The Ladies' Midnight Swimming Club(26)
He thought he heard the crash of his head on the stones, imagined he felt warm blood seep about the cold stone. He knew that he was going to be sick, very sick. And then, as a heavy weight pounded against the back of his head, someone switched off the power and Niall fell into unconsciousness. The worst thing was, not a living soul knew about it.
11
Dan
Dan caught the last of the fresh sea breeze before the downpour began to spit in tiny spiteful daggers from the hooded clouds overhead. He wasn’t sure what he thought of this place yet. So far, all he’d seen was rain, green fields, and grey skies and seas that might easily be mistaken for each other, such was the depth of colour in them both. The people were nice. He’d only met a handful, but Mr Singh, the shopkeeper and the doctor’s widow, Mrs O’Shea – their welcome was genuine. He could sense it and it warmed him when he’d picked up enough provisions to do him until the following morning. All the same, he probably couldn’t have picked a more depressing day to arrive back in Ballycove after taking a short trip back to the city for little more than distraction and printing supplies, There was a storm pulling in over the Atlantic. He could feel it, in that shop, when the sergeant had arrived in to ask about the missing boy.
‘That’s right,’ he confirmed gruffly for Mr Singh, ‘Jo’s grandson, a city boy, he has no idea of what a strom in Ballycove can do. Mind you, it’s probably half the reason he’s missing. If he’d known what he was about and made some friends, he mightn’t be sitting with his legs dangling over the sea wall in an oncoming gale.’
‘Poor Jo and Lucy.’ Mrs O’Shea shook her head. ‘She’s taken over from my husband, you know, in the surgery,’ she said filling in blank spaces that really made no sense to Dan who’d only just arrived.
‘That’s nice,’ he said rather uselessly and then caught the shopkeeper’s eye.
‘Her husband was the GP. Poor Doctor O’Shea – unfortunately he passed away and we were all so sorry, but we’ve been lucky enough to get someone to fill in. Of course, we all still miss the old doctor,’ Mr Singh said diplomatically.
‘Thank you, dear,’ Mrs O’Shea said before turning her attention to the sergeant. ‘So there’s still no news?’
‘They think the boy has gone into the sea?’ Mr Singh whispered.
‘It looks that way. Last time he was spotted was sitting on the wall opposite his grandmother’s cottage. You know what those winds were like last night: one swell and he’d be washed out in a flash.’

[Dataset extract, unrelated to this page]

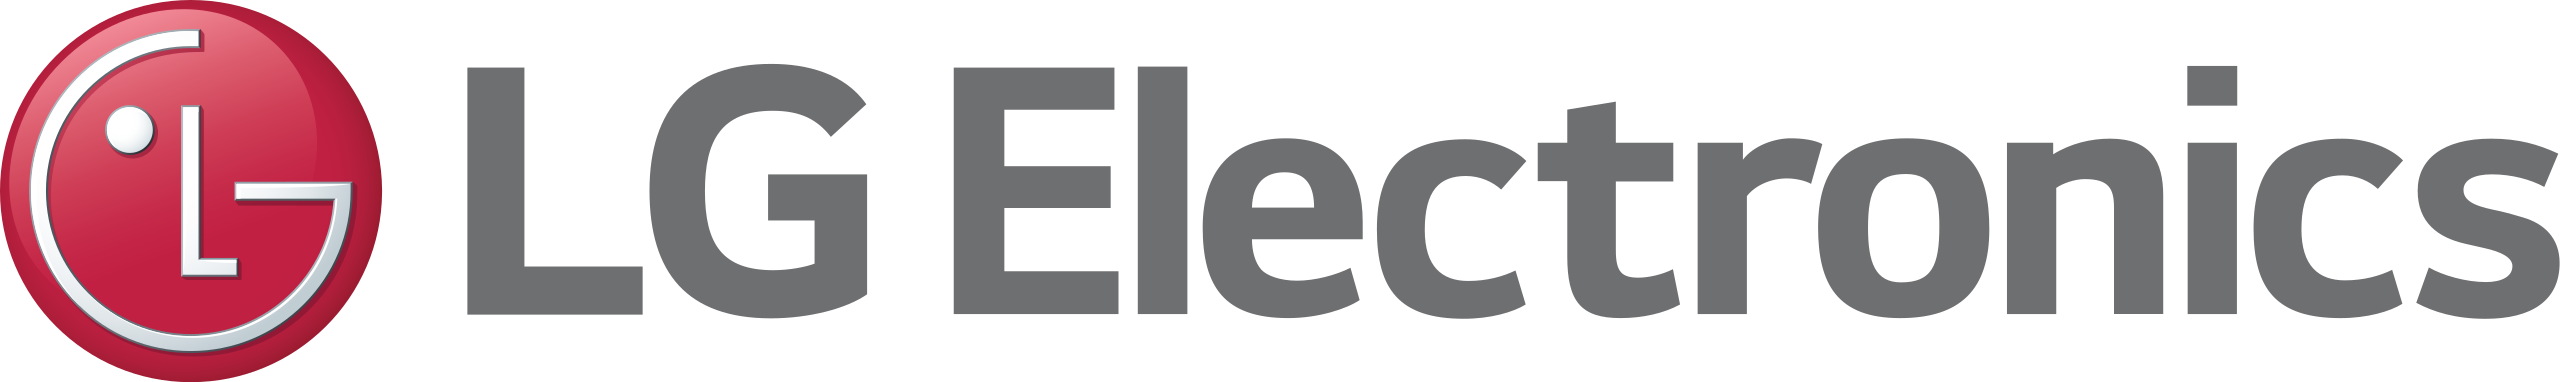 LG_Electronics_logo_2015_(english).svg

‘That’s terrible,’ Dan said.
‘I don’t know how a kid can sneak out a doorway and no-one notices until hours later. It makes you wonder, and the mother a doctor too. It goes to show you…’ The sergeant might have been up for a bitching session about some of the locals, but remembering Dan was standing there made him stop up short. ‘Well, let’s hope that he moved off beforehand and he’s met up with some kid and lost track of time,’ the sergeant said although his expression was enough to know that he thought this was unlikely. ‘It’s a lot of time to lose track of, since last night, mind,’ he grumbled before heading off into what remained of the storm.
‘Is there a search party?’ Dan asked as his few groceries were run through the checkout.
‘There won’t be tonight. It’s too dangerous to put a boat out in that and, let’s face it, if he’s out there, he’s already lost.’ The shopkeeper sighed.
‘I suppose if there’s something organised tomorrow we can all give a hand, right?’ Dan said paying in euros before heading out in the darkening evening.
It caught him up, the idea of such tragedy occurring in a place that seemed to be so far removed from the violence and crime of London life that he’d become accustomed to seeing on his news every night. Over here it was different; from the way the shopkeeper had taken the news; the loss of one of their own, it was personal. It turned out that they hardly even knew the boy, in the end.
It may have been dark and overcast, but there was no denying the drama of Ballycove. The coastline sat in a jagged crouch, leering out across the Atlantic. The cottage on the headland might be the centre middle seat, looking down on the most spectacular theatre imaginable – the living, breathing ocean. Dan knew it was just the weather that made the place feel as if a foreboding character was lurking somewhere just out of sight. He put it down to the missing boy. Something like that stirs a place up, filling even the emptiest of places with impending tragedy. It set Dan’s imagination on end, a bristling sense that there were ideas, if not always very happy stories lurking just beneath the surface.
Soon he was turning off the main road up the narrow track. When his headlights skirted across the rough patchy land, he spotted a dozen rabbits scattering away into their burrows in response to his unwelcome intrusion. The cottage was not big. Rather, it seemed like a bent geriatric, pinned to the hillside, facing off the Atlantic stoically. Dan pulled up at the front door. There was a small window either side of a deep porch and a whistling chorus of rattling shells hanging from the gate caught in the ferocious wind. There wasn’t a soul about for miles, and yet, it didn’t feel lonely here – an odd thing, since he’d felt tragically isolated so recently in the middle of London.